Une année sous le signe de la biodiversité avec l’outil SIGnal

06 février 2016

Alors que le projet de loi sur la biodiversité fait son chemin entre le Sénat et l’Assemblée nationale, chez GRDF, nous œuvrons d’ores et déjà pour que nos travaux respectent la faune et la flore. Comment ? Notamment en déployant un logiciel capable d’évaluer l’impact de nos chantiers sur les milieux naturels. Cet outil, appelé SIGnal, vient de souffler sa première bougie ! L’occasion de dresser le bilan d’une année d’expérimentation et d’envisager les perspectives à venir.

SIGnal, qu’est-ce que c’est ?

Déployé fin 2014 sur l’ensemble du territoire, le logiciel SIGnal (Système d'Information Géographique nature et aménagement linéaire) est utilisé au sein de nos bureaux d’études depuis janvier 2015. Son rôle ? Identifier les risques de nos chantiers sur la biodiversité (banalisation de la flore, propagation d’espèces envahissantes…) pour pouvoir adapter nos modes opératoires si nécessaire.
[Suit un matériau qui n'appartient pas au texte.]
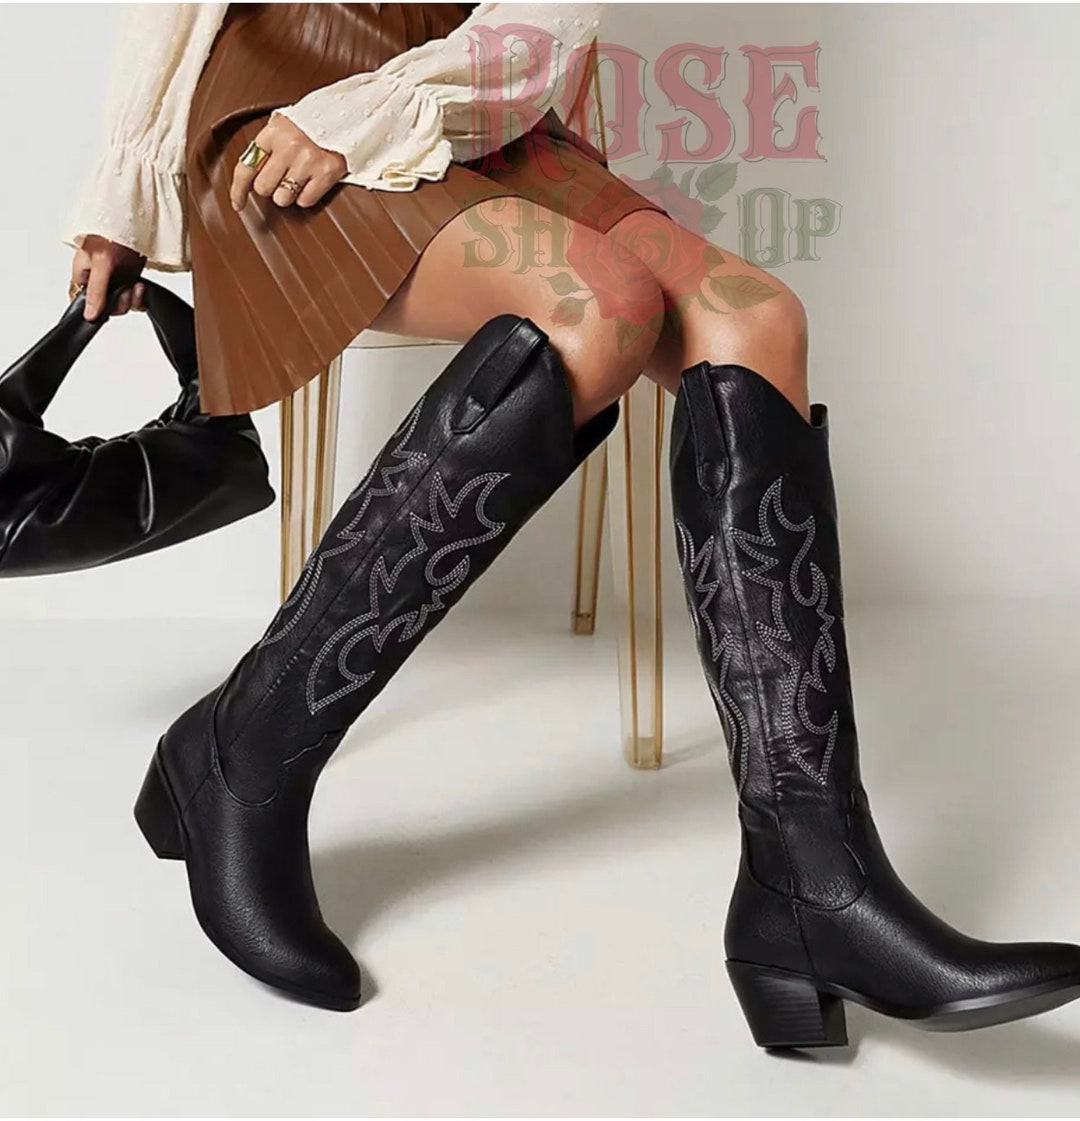 Cowboy Boots Cowgirl Boots Nashville Bachelorette Leather Boots Knee ...

> En savoir plus sur l’outil et son fonctionnement.

Sensibiliser nos équipes à la biodiversité avec SIGnal, pari relevé !

Les premiers pas de SIGnal sont encourageants. Ce sont en effet au total près de 600 diagnostics qui ont été réalisés par nos bureaux d’études en 2015, et ce, dans toutes les régions. « Le déploiement s’est très bien passé, se félicite Eric Chabert, attaché développement durable chez GRDF. SIGnal a permis de sensibiliser les bureaux d’études et l’ingénierie à la notion de biodiversité. Nos équipes se rendent compte que les travaux réalisés sur nos chantiers peuvent avoir un impact sur la nature et qu’il est donc important d’anticiper et de maîtriser les risques ». Autre point positif : en permettant de repérer les zones protégées, SIGnal apparaît comme un véritable outil pour respecter la réglementation environnementale.
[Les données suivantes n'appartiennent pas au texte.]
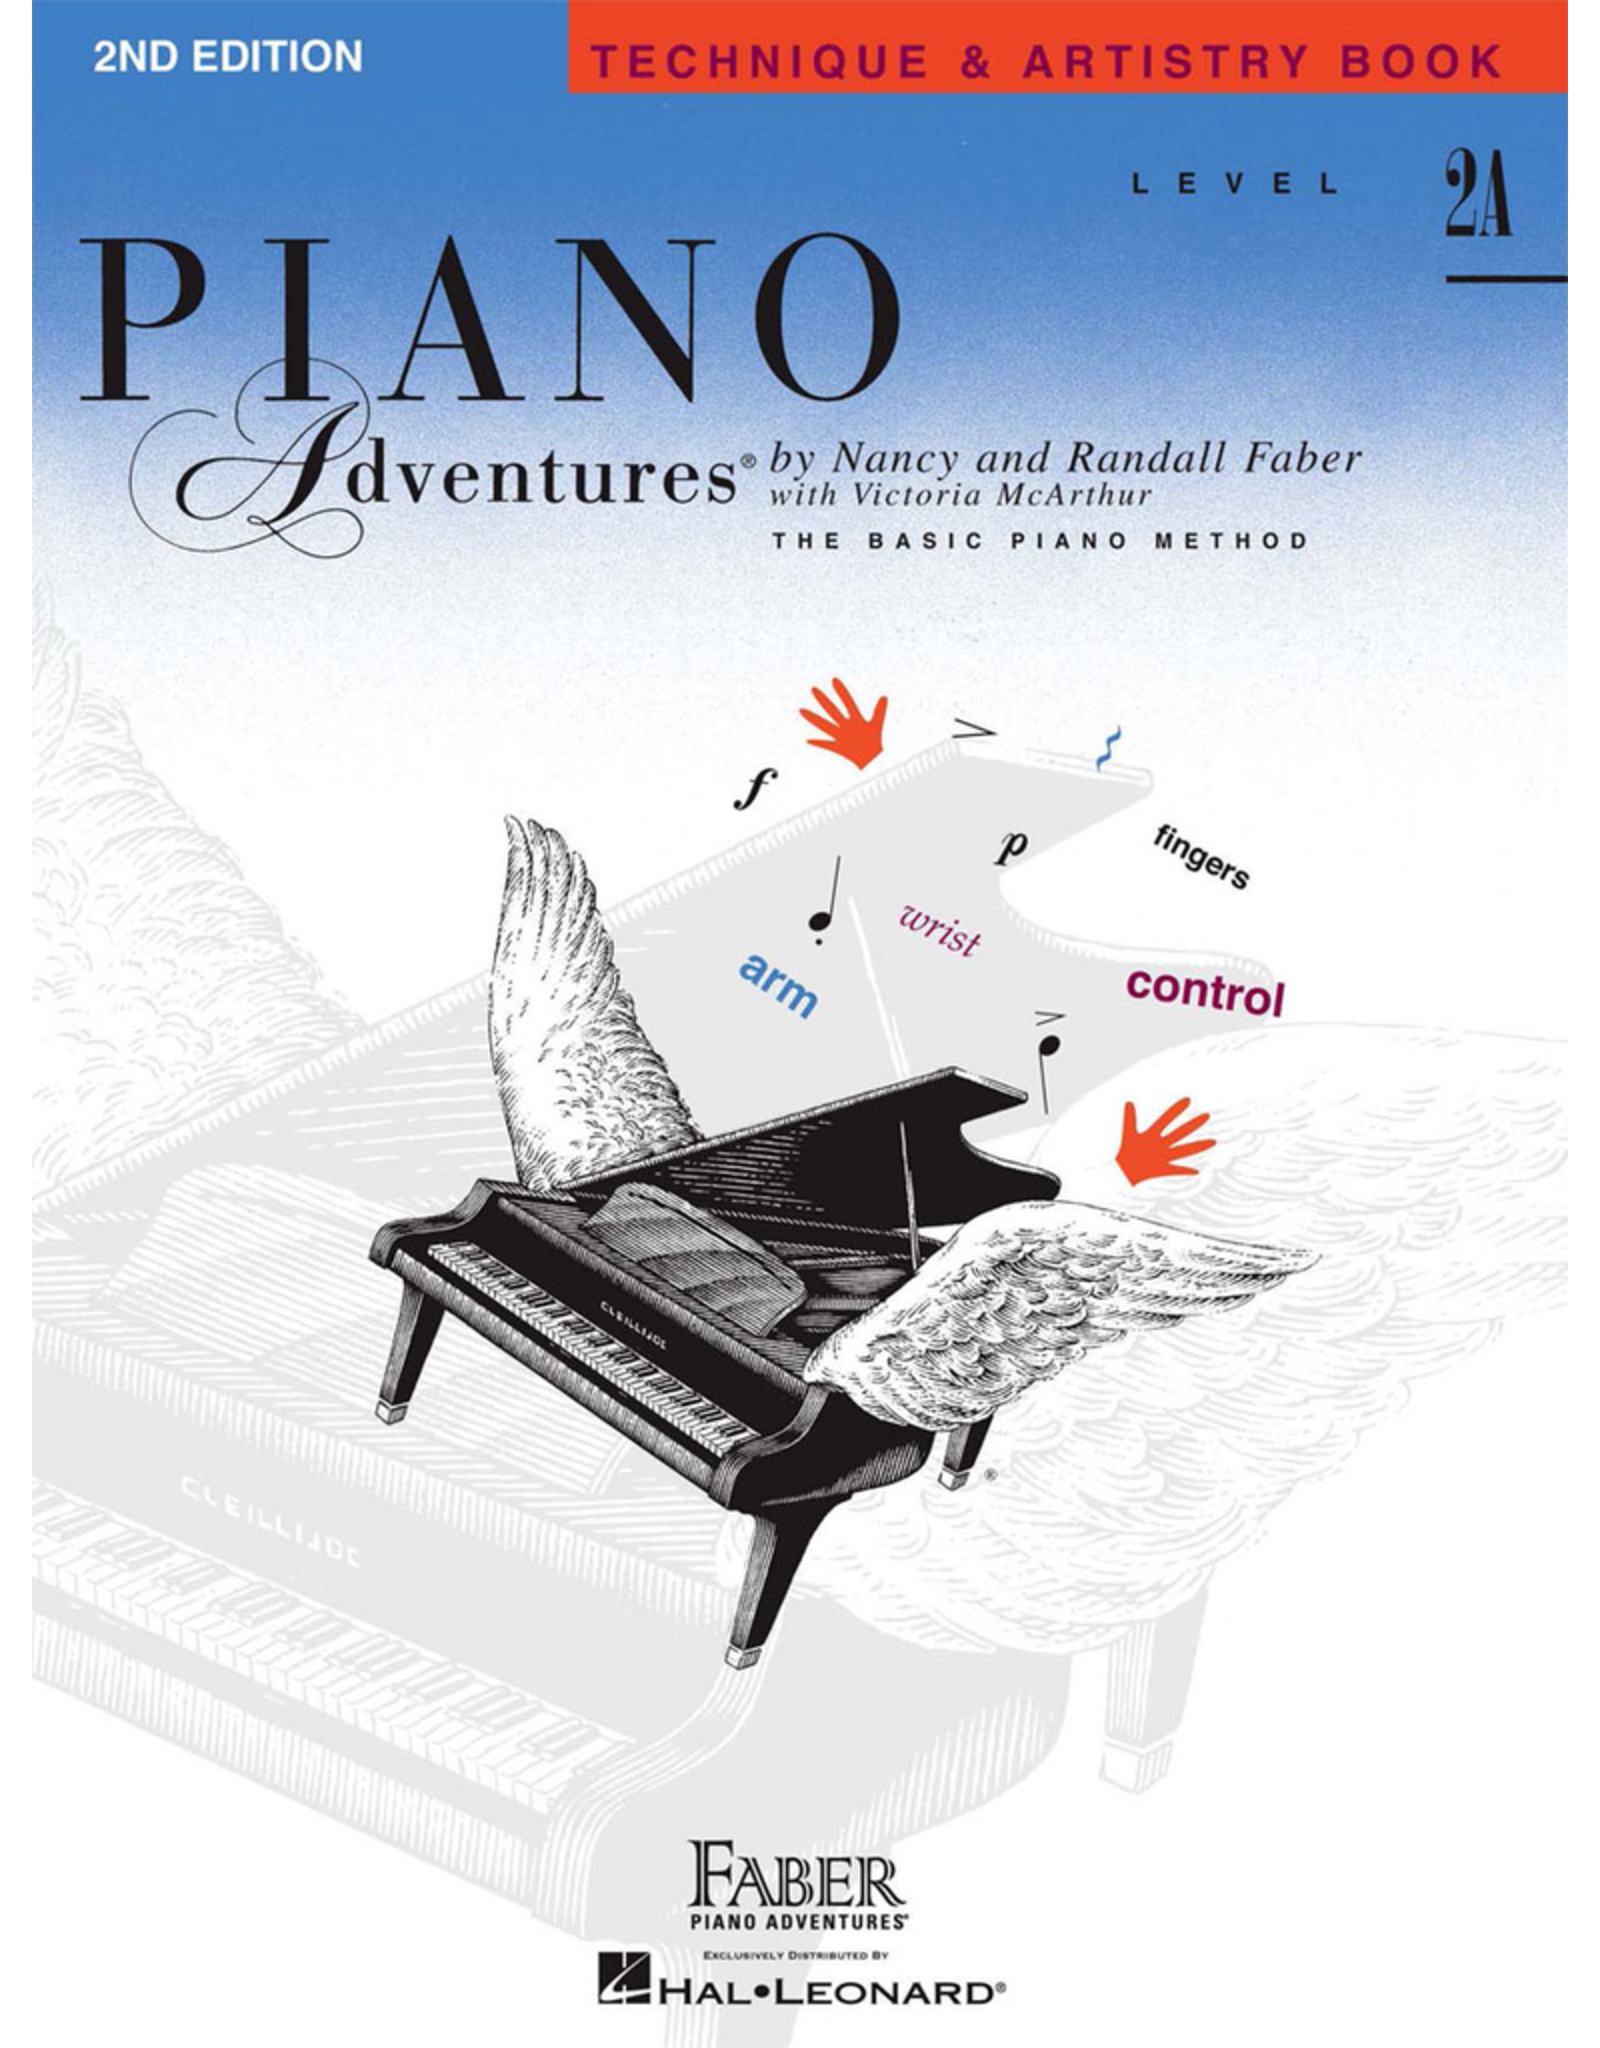 Hal Leonard Piano Adventures Technique and Artistry Level 2A *

Prochaine étape : on passe à l’action

À partir de 2016, un nouveau défi se profile : faire en sorte que les diagnostics émis par SIGnal débouchent sur des actions spécifiques sur le terrain lorsque cela est nécessaire. Pour cela, la priorité est de renforcer le dialogue entre nos équipes et les collectivités territoriales, les associations environnementales, les gestionnaires d'espaces protégés ou encore les aménageurs. « Une fois qu’un chantier à fort risque pour la biodiversité sera repéré, nous proposerons l’appui d’un expert du Muséum national d’Histoire naturelle, explique Eric Chabert. Ce dernier vérifiera si le risque est effectif et accompagnera les équipes terrain dans la mise en place d’actions spécifiques ».

Ainsi, de nombreuses mesures concrètes pourront être envisagées : tri et réutilisation des terres lors de la réalisation de tranchées pour respecter la nature des sols, protection des arbres, délimitation des voies de circulation et des zones de stockage des engins et du matériel, mise en place d’une voie de circulation des engins à l’aide d’un géotextile, utilisation de pneus basses pression ou de chenilles… à chaque chantier à risque, une solution pour préserver la biodiversité !

Haro sur les espèces exotiques envahissantes !

Parmi les principales menaces qui pèsent sur la biodiversité figurent les espèces exotiques envahissantes. Or, le risque n’est pas absent des chantiers. « Les roues mal nettoyées d’un engin peuvent par exemple transporter des graines d’espèces exotiques envahissantes et ainsi favoriser la propagation », raconte Eric Chabert. Afin de préserver les écosystèmes, nous élaborons un guide d’identification de ces espèces, en collaboration avec le Muséum national d’Histoire naturelle et la Fédération Nationale des Travaux Publics. À terme, ce guide sera intégré à l’outil SIGnal pour enrichir encore le processus.